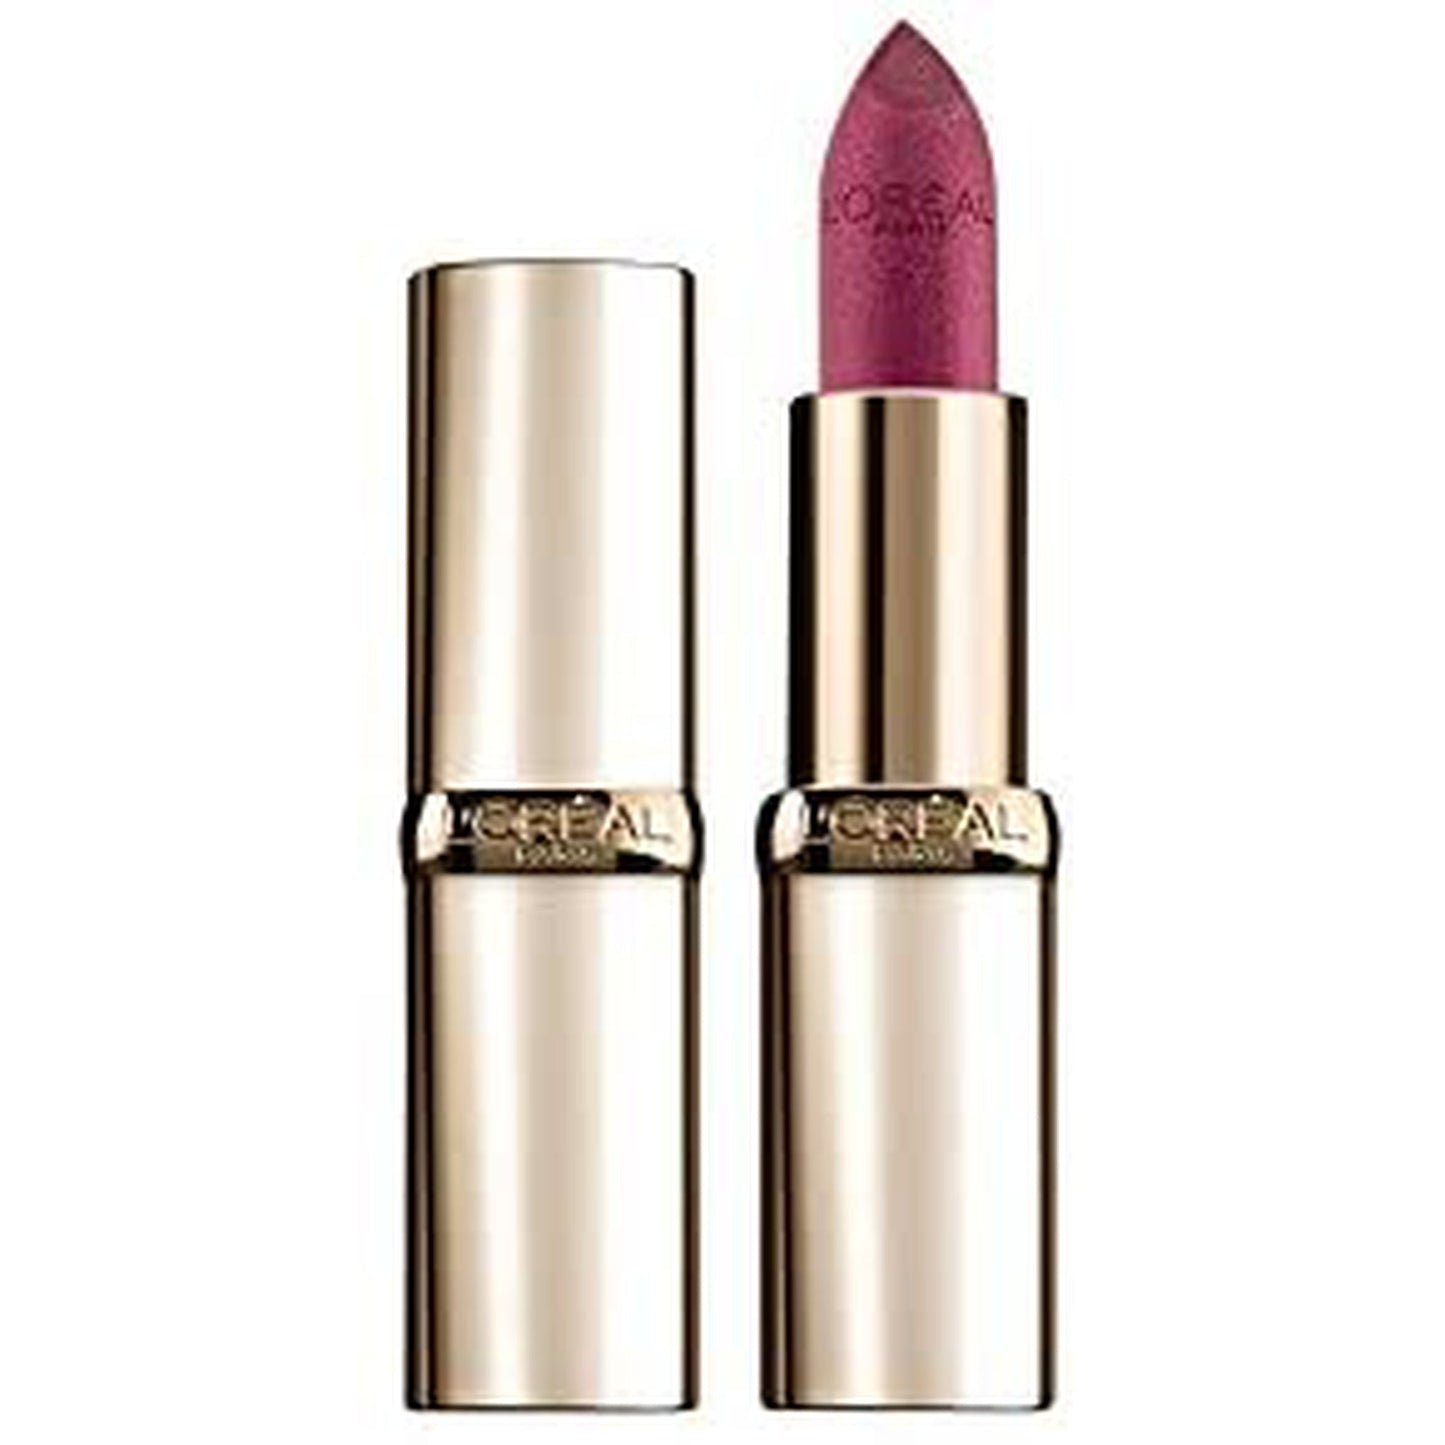 L'Oreal Paris color riche lipstick - 287 Sparkling Amethist-L'Oreal-BeautyNmakeup.co.uk
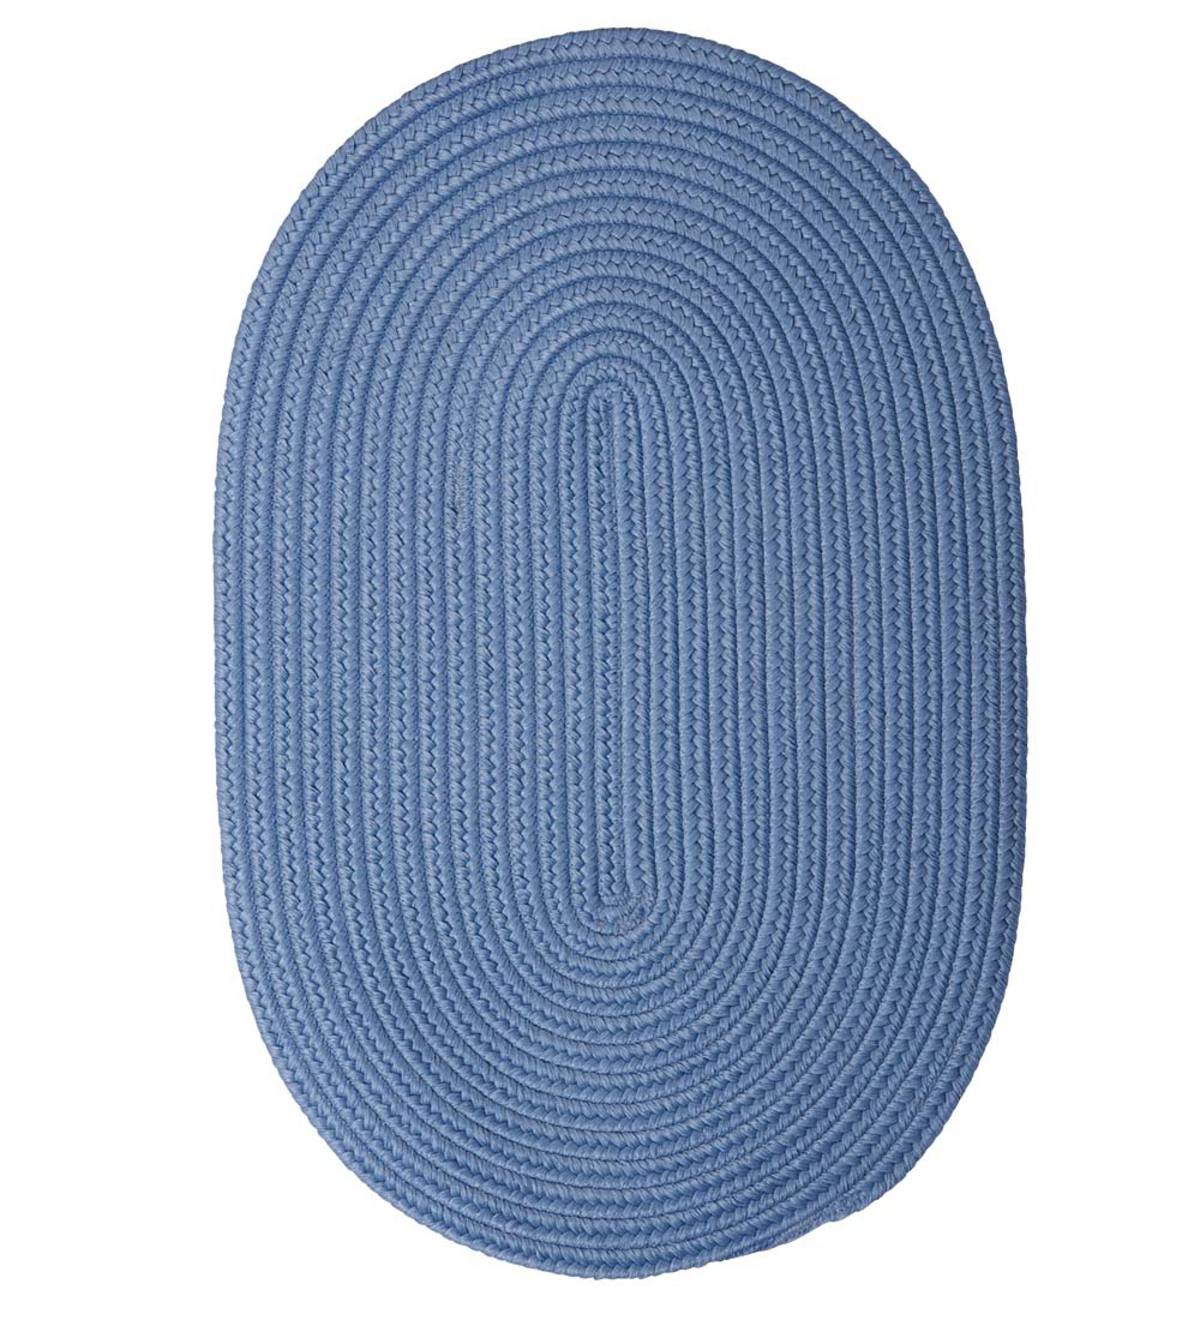 8' Round Braided Rug - Blue
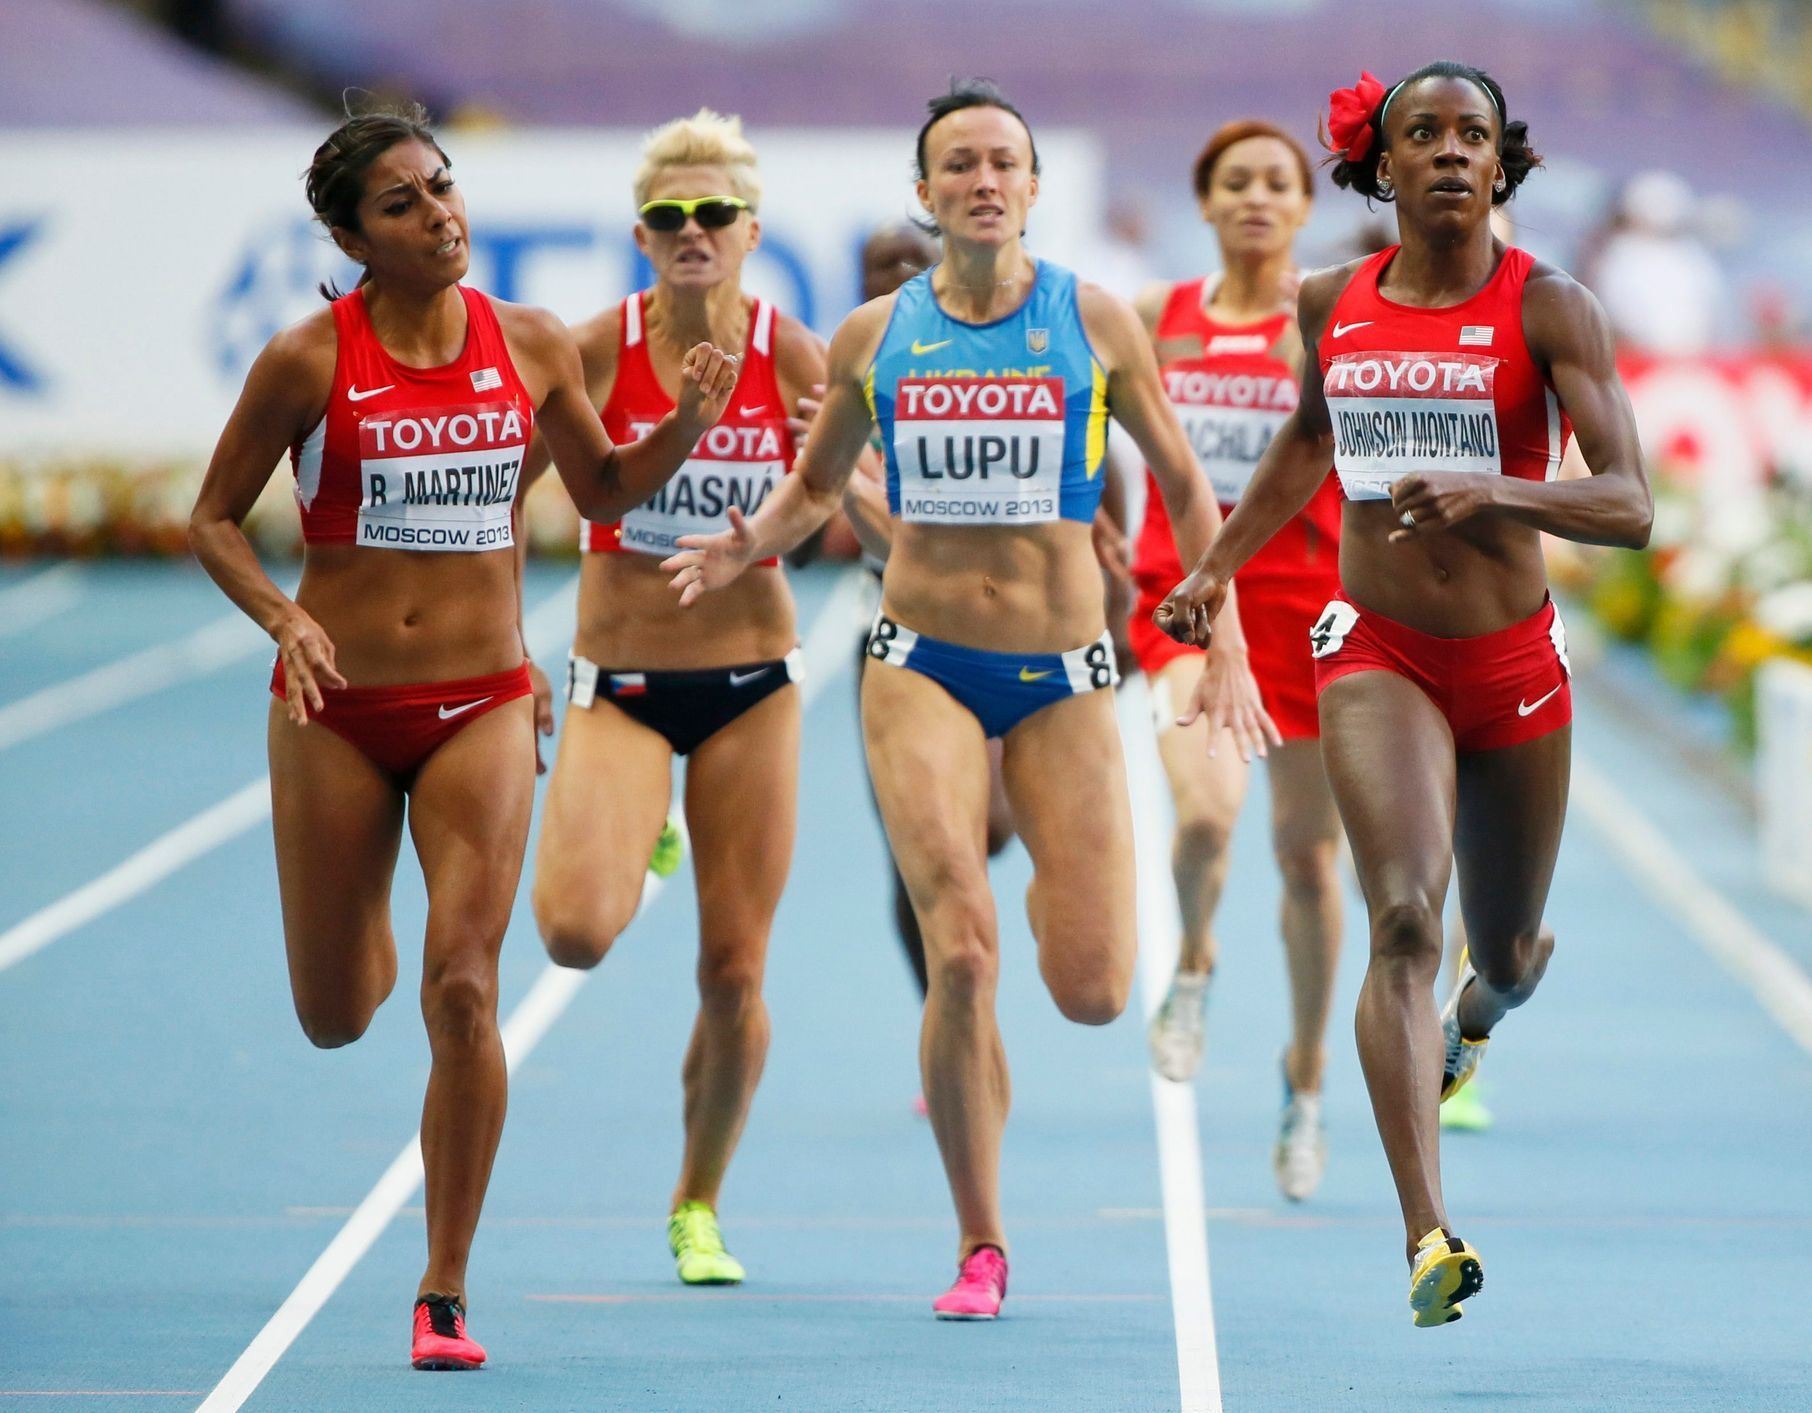 MS v atletice 2013, 800 m žen - semifinále: Brenda Martinezová, Lenka Masná,  Nataliia Lupuová, Halima Hachlafová a Alysia Johnson Montanová
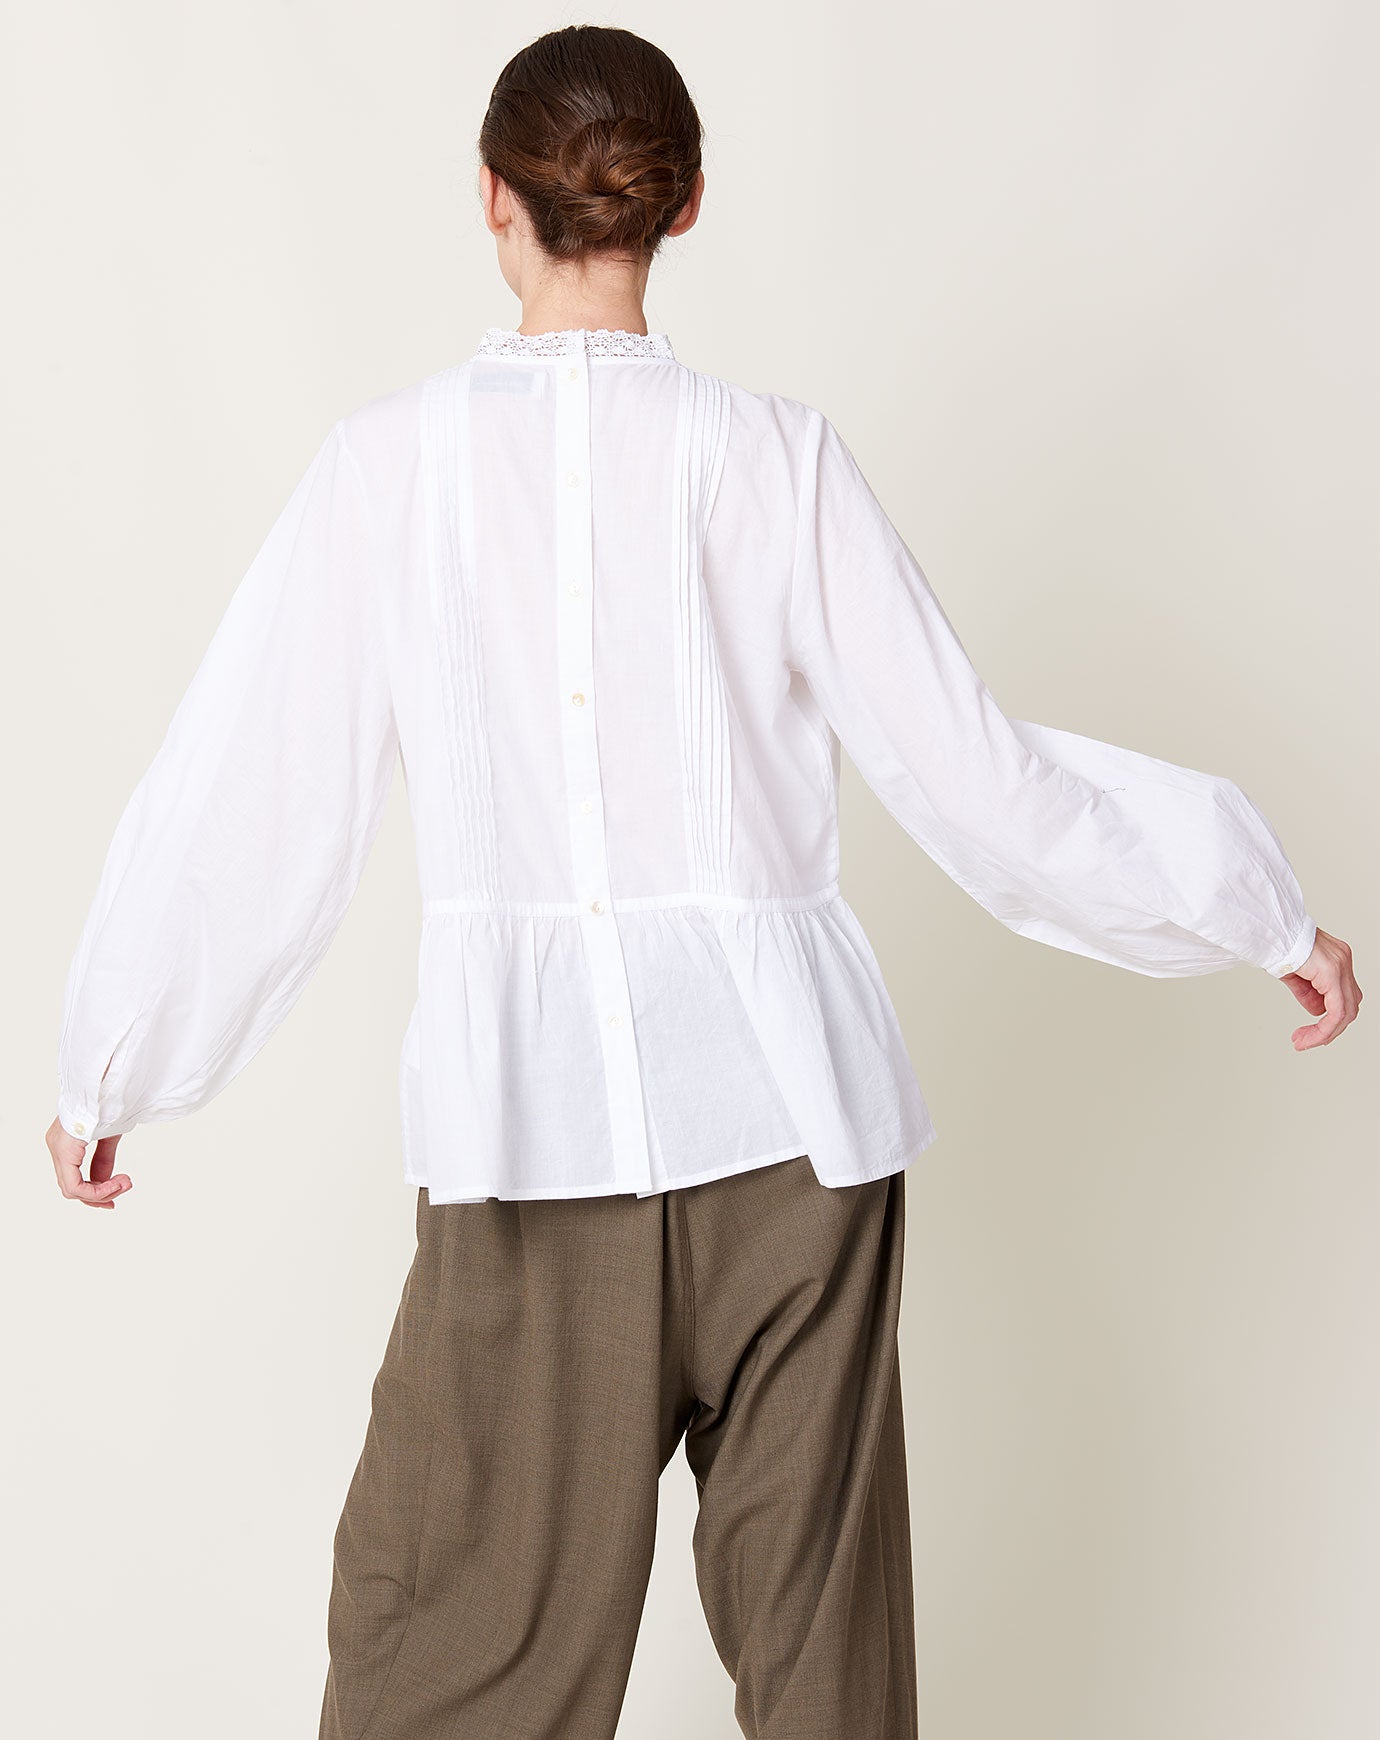 Skall Studio Mallow Shirt in Optic White

## About this exercise
Transcribe each line above verbatim, with the pictures left out.

## Written solution
 L'Oreal Paris color riche lipstick - 287 Sparkling Amethist-L'Oreal-BeautyNmakeup.co.uk
 8' Round Braided Rug - Blue
 MS v atletice 2013, 800 m žen - semifinále: Brenda Martinezová, Lenka Masná,  Nataliia Lupuová, Halima Hachlafová a Alysia Johnson Montanová
 Skall Studio Mallow Shirt in Optic White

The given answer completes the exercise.